No pain, no gain, right? Well, there’s a little bit of truth behind this saying. You can use working out as a vessel to prevent pain. We’ll be breaking down 5 workouts to prevent pain.
Workouts Through Pain
Pain can set you back on major fitness goals and everyday life. Although workouts can cause soreness, this shouldn’t be mistaken as pain. Soreness tends to clear up after a few days. However, pain lasts longer and can physically prevent you from living your life. There are ways to prevent pain from entering your life. Working out even while injured can speed up the recovery process. This shouldn’t be mistaken as continuing your normal workouts at 100 percent. This means to work out, but with little to zero weight when injured.
Working out will send blood and nutrients to the muscle. Meaning that if an injured area gets put through a workout, then it receives that rush of blood and nutrients. Thus, helping those damaged areas to repair themselves naturally through a workout.
Don’t underestimate the power of yoga workouts! Yoga is a natural way to bring balance and strengthen your muscles. Movements like the glute bridge or cat-cow can help with the pain. The glute bridge targets the lower back and glutes. Having strong glutes and hamstrings will support your upper body. Stronger legs mean that the likelihood of pain is lowered. The cat-cow targets your upper-back muscles. It relieves stress by releasing tension that’s locked up. It will also improve posture and bring balance to your back. Many yoga workouts will also improve core strength.
The next exercise in the 5 workouts to prevent pain is walking! Walking at your own pace will help your cardiovascular system. It’s best to do walks first thing in the morning. Exercise releases endorphins, which are the body’s natural painkiller. Endorphins can also boost your change of mood in a positive way. This positive change can help you when tackling the rest of the day. Walking is a form of cardiovascular exercise. Heart disease is one of the leading causes of death in the US. Doing this steady-state cardio for longer periods can help combat heart disease.
The squat is one of the 5 workouts to prevent pain. With practice, this workout proves to be an overall effective exercise. The squat is a compound movement that involves the legs, back, shoulders, and core muscle groups.
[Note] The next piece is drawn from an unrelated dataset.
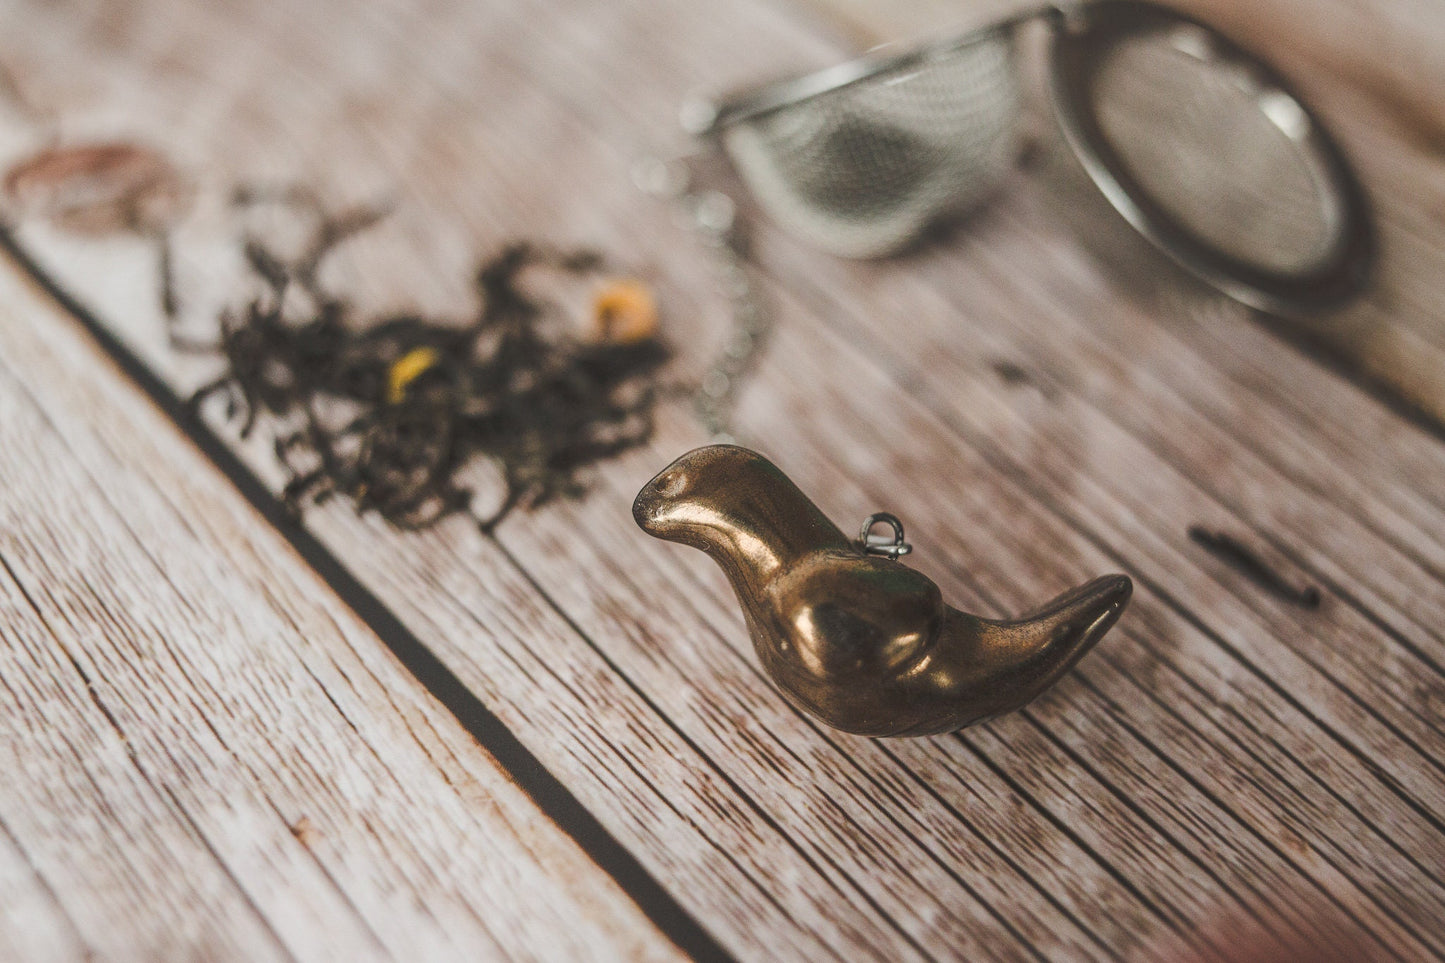 Loose leaf tea strainer with ceramic bird - Tea infuser with bronze bird - Herbal tea steeper - Christmas gift - Easter gift

Start with your natural body weight to perform this exercise. It’s best to use shoes with little soles to ensure your body’s natural squat.
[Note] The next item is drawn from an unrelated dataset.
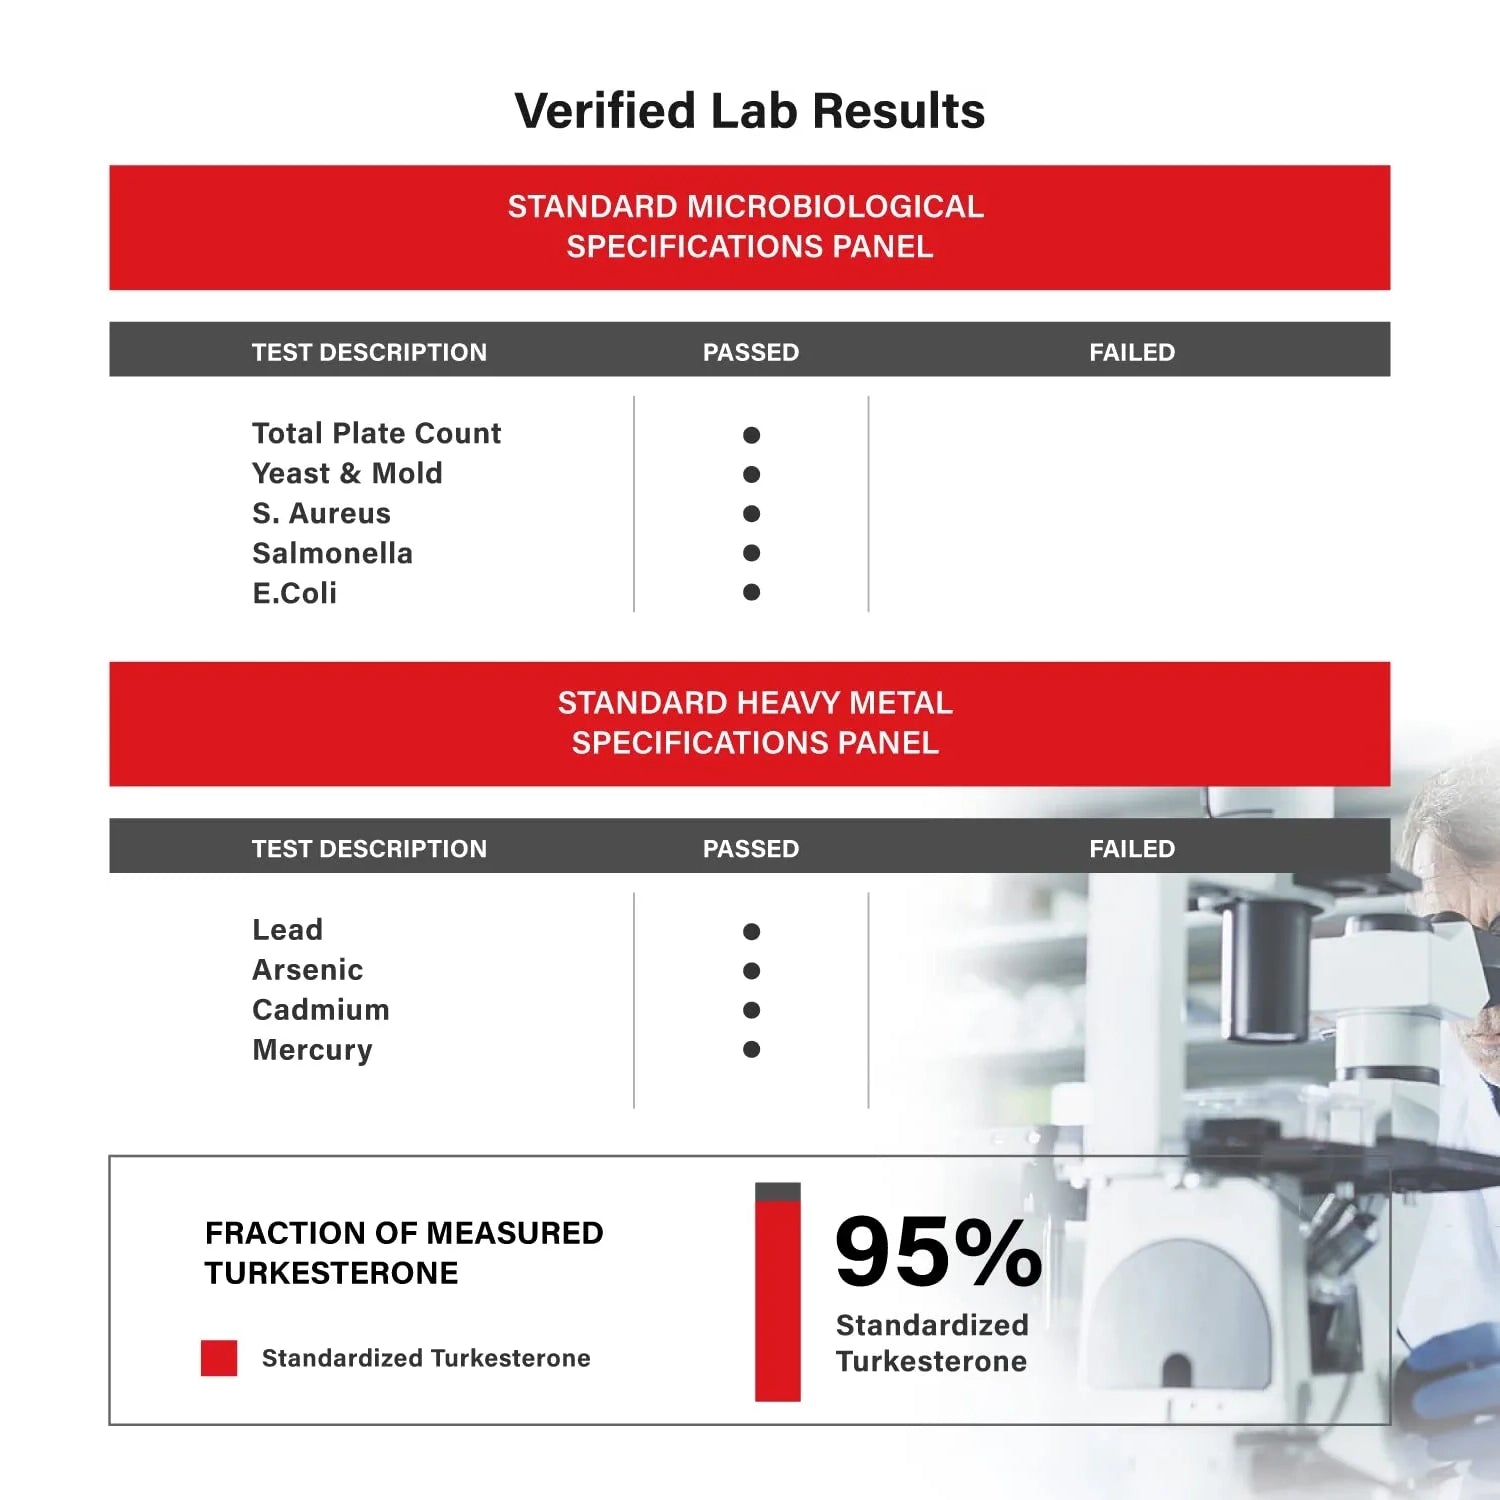 Turkesterone verified lab results

First, stand up straight. Then, spread your feet about shoulder length. After that, point your feet outwards so that they’re not pointed straight. Use your best judgment regarding the length of your feet that are spread apart. Taller people will benefit from a wider stance than shorter people. Whatever feels right is the best stance. Lastly, put your hands to your chest and grip them so that it’s in a ball shape. Once you’ve done that, take a deep breath and flex your core. Squat down slowly until your knees are at a 90-degree angle. Then, exhale and squat upwards. Repeat this process until you have the motion down.
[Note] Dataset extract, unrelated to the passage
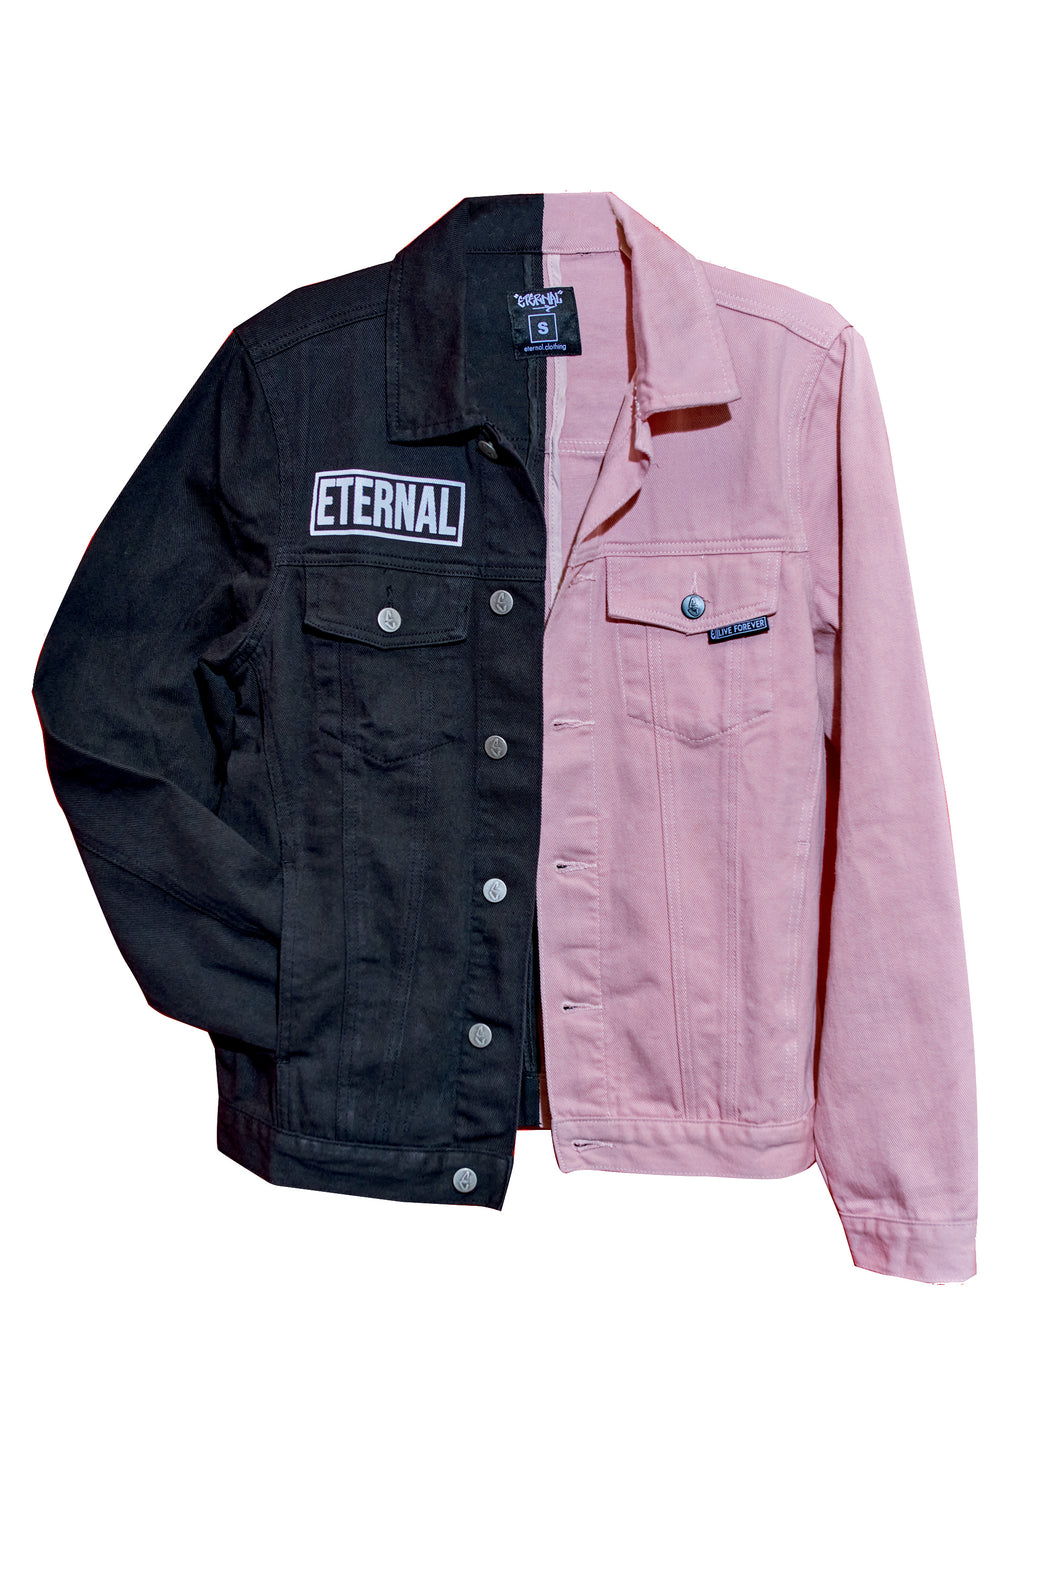 Eternal Pink/Black Split Denim – Eternal Clothing

A lat pulldown is a great machine that targets your back muscles. You’ll need a lat pulldown machine to do this exercise. First, set the appropriate weight and seat height desired. After that, grab the bar with an even and wide grip. Grab the bar so your elbows and forearms are at a 90-degree angle. After that, take a deep breath and pull the weight towards your chest. Try to get the most optimal squeeze at the bottom of the position. You should feel everything on your back at the bottom of the movement. If not, then check your form and reset the weight.